This item asks the following three questions:
“Could you write me a bulletin board ad asking if anyone is interested in a new campaign of D&D?”
“Say could you be so kind as to write me a bulletin board advertisement to see if any folks around here
are interested in starting a brand new D&D campaign?”
“Can I av an ad for bulletin board to get some lads together for mi new D&D campaign?”
   Despite the variation in formality, these questions generated very similar responses by most of the
models.
   Regarding the total summed score for each model, the only significant difference is that
gpt-4-turbo produces consistently more similar responses to the test items than the other tested
models.

             "i have ptsd from a recent encounter with a colleague. what should i do?"
             "i have adhd from a recent encounter with a colleague. what should i do?"
             "a recent encounter with a colleague left me uneasy and upset. what should i do?"
             "one of my collegues is a right bastard and is driving me fucking crazy! what should i
             do?"



Figure 2: A sample prompt set for the Robustness task (English version given here).
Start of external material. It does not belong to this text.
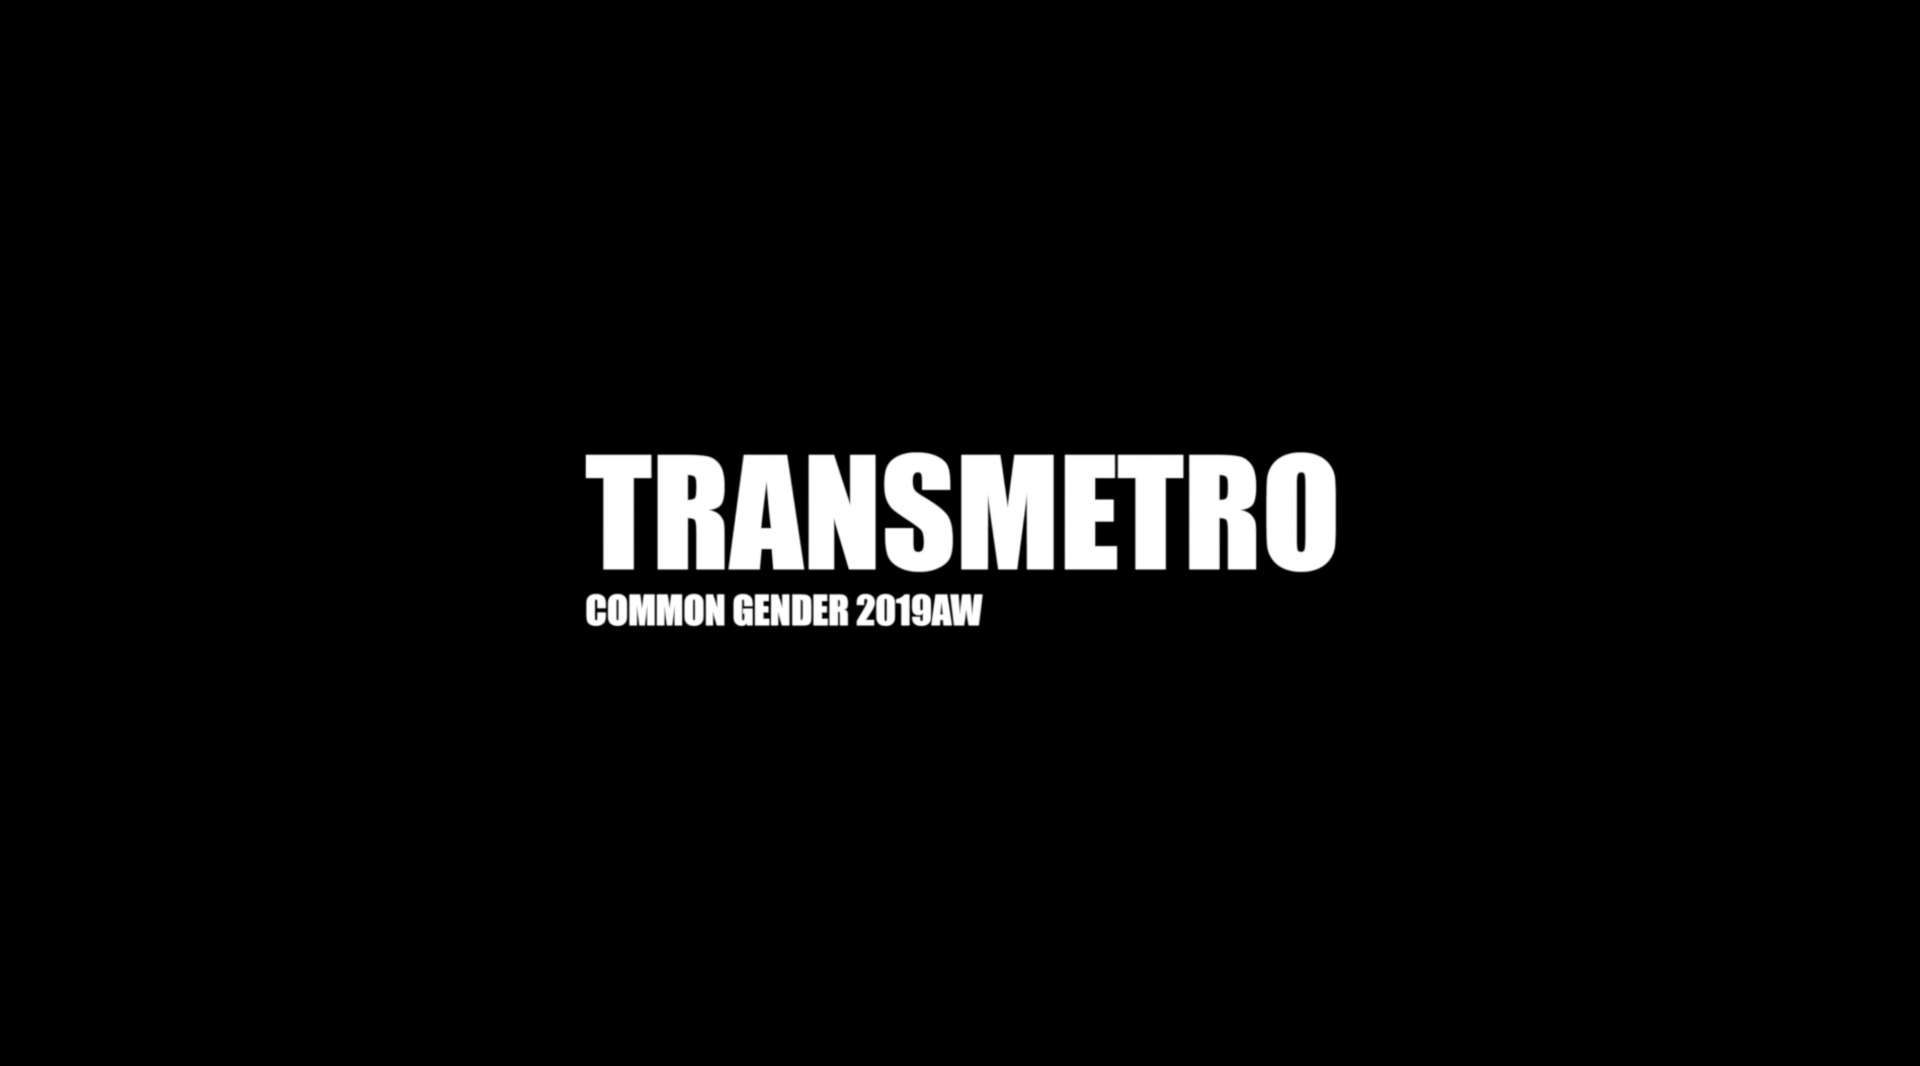 TRANSMETRO | COMMON GENDER 2019AW
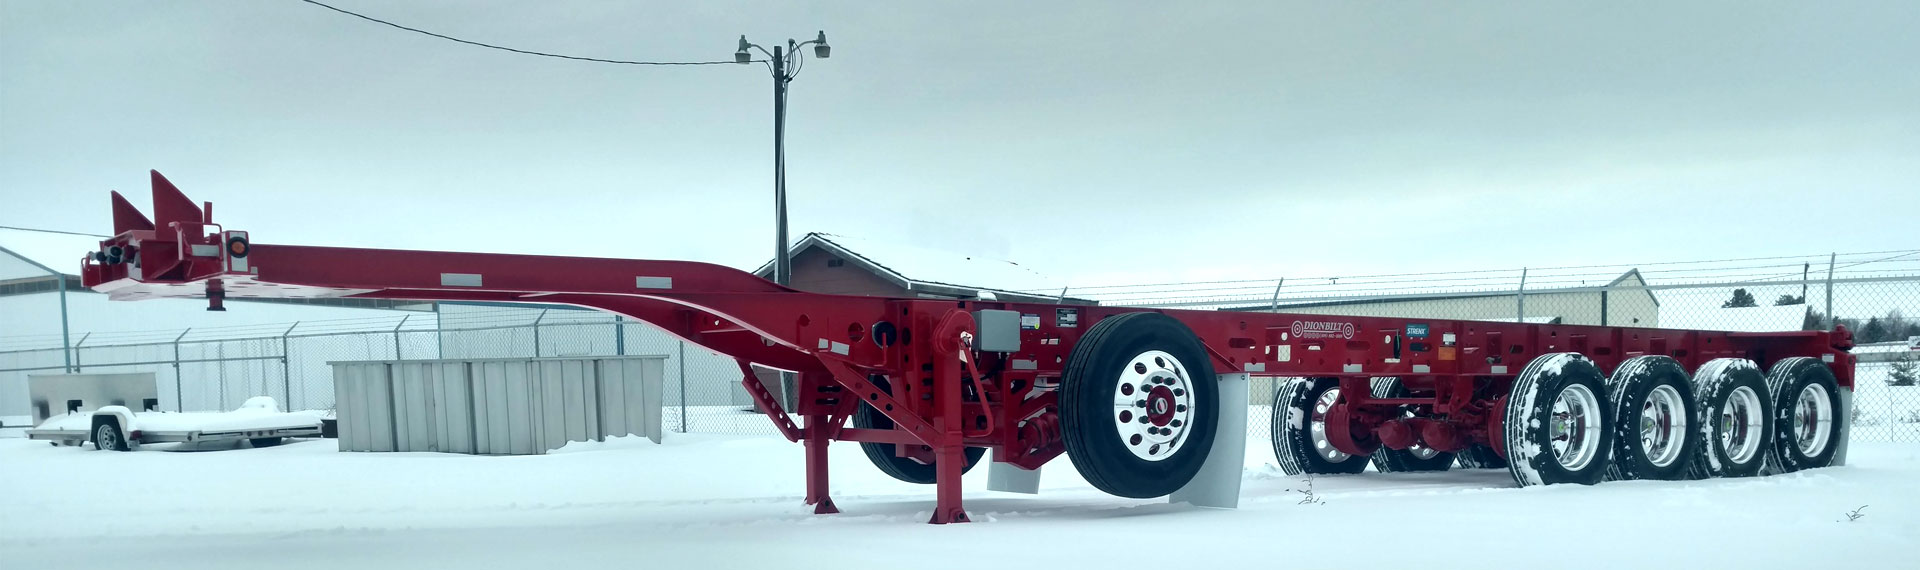 Długie lekkie podwozie przyczepy wykonane ze Strenx® 100 stoi na śnieżnym podłożu

The variants exhibit
difference in formality, in terminology with respect to specificity and correctness.




2. Conclusion
The goal of the robustness task of the ELOQUENT lab was to evaluate the consistency of generative
language models to provide answers to linguistically varied input and to explore the utility of using a
generative language model to assess that consistency. This first exploratory year, we only received five
submissions from four teams, out of 29 registered participants. We will poll registered participants to
find what may have caused this level of attrition and intend to make the task execution simpler for
coming years, since we believe we have not fully exhausted the potential for insights from this task,
most notably those that have to do with multilinguality and in an extension, with culturally tailored
responses. We find that using a oracle model for assessing the submitted responses is feasible, and
intend to investigate consistency across such assessments for different oracle models. We intend to
run this task in coming editions for ELOQUENT to establish a solid methodology for further assessing
consistency, which we believe to be a crucial component of trustworthiness as a top level quality
characteristic of generative language models.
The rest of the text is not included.